In this study, we observed that the population started to consistently open their valves and become active near the coldest period of the year (around March) and conversely closed their valves and started to become inactive by mid-September when temperatures were near their annual maximum (Fig. 5d). The valve gape records, however, show that they were not completely inactive in this winter period. All clams opened their valves widely once or twice a month for 1–3 days, and then closed again. A similar pattern has previously been observed in experiments and in the field (Taylor 1976; Strahl et al. 2011). While the reason for this behavior is not clear, it could be related to respiration and/or might be a type of probing behavior to test whether the environment is favorable. Our results showed that once there is food enough, the bivalves do not return to a dormant state but start feeding continuously with fully open valves. These results agree with earlier studies in A. islandica (Winter 1969) and other bivalves (Higgins 1980; Williams and Pilditch 1997; Riisgård et al. 2006) where the presence of Chl-a appears to be the main driver for sustained opening of their valves.

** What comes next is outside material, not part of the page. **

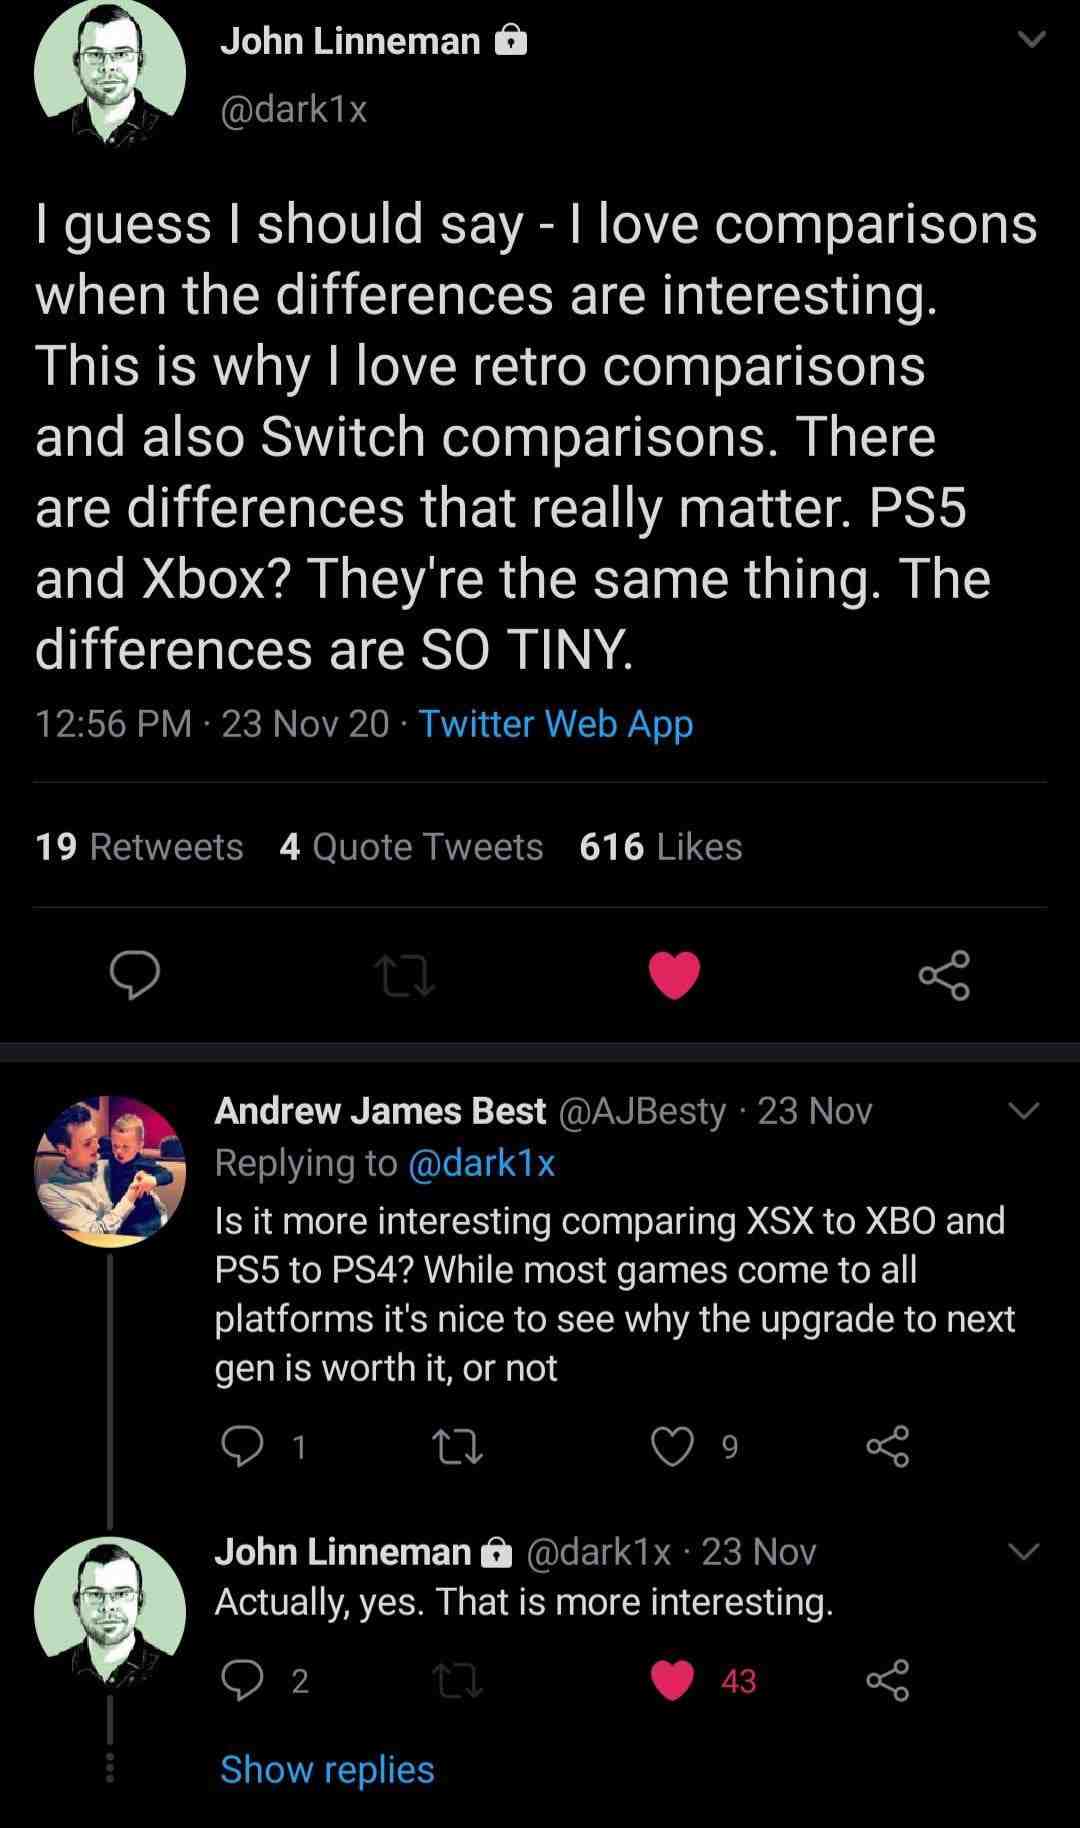 Digital Foundry rend son verdict sur la comparaison entre la PS5 et la Xbox série X de 'Cyberpunk 2077'.

Next to [Chl-a], there was a relatively strong positive correlation between valve gape and light conditions. In some bivalve species valve gape behavior is directly triggered by light conditions (García-March et al. 2008; Schwartzmann et al. 2011), whereby variations in sun or moon irradiance immediately provoke a response. Arctica islandica is known to have a shadow reaction to light (Morton 2011), but our results did not indicate an immediate response of valve gape to moon phase, day length or hourly variations in light intensity (unpubl data). Light could have an indirect effect on A. islandica through modulation of food availability (Kaartvedt 2008). There is indeed evidence that for some species of bivalves, valve gape responds to the presence of algal food (Higgins 1980; Williams and Pilditch 1997; Riisgård et al. 2003, 2006. In laboratory conditions under continuous light exposure, A. islandica exhibited a 3–7 min periodicity in valve and mantle activity, which could be related to intrinsic drivers such as a biological clock (Rodland et al. 2006). The exact role of light as driving factor for valve gape of A. islandica remains unresolved, and the effect of photoperiod at different algal concentrations should be studied to clarify this issue.

In summary, our research found that: (1) gaping activity of A. islandica is highly synchronized among individuals in the studied population (2) [Chl-a] is the main driver of valve gaping activity in northern Norway, (3) the clams had a period of active gaping of eight months (between February and September). These results suggest the length of growing season in northern Norway is likely limited to about eight months (Weidman et al. 1994; Schöne et al. 2005; Dunca et al. 2009) starting very early in the spring and ending in late summer/early fall (Witbaard et al. 2003; Dunca et al. 2009).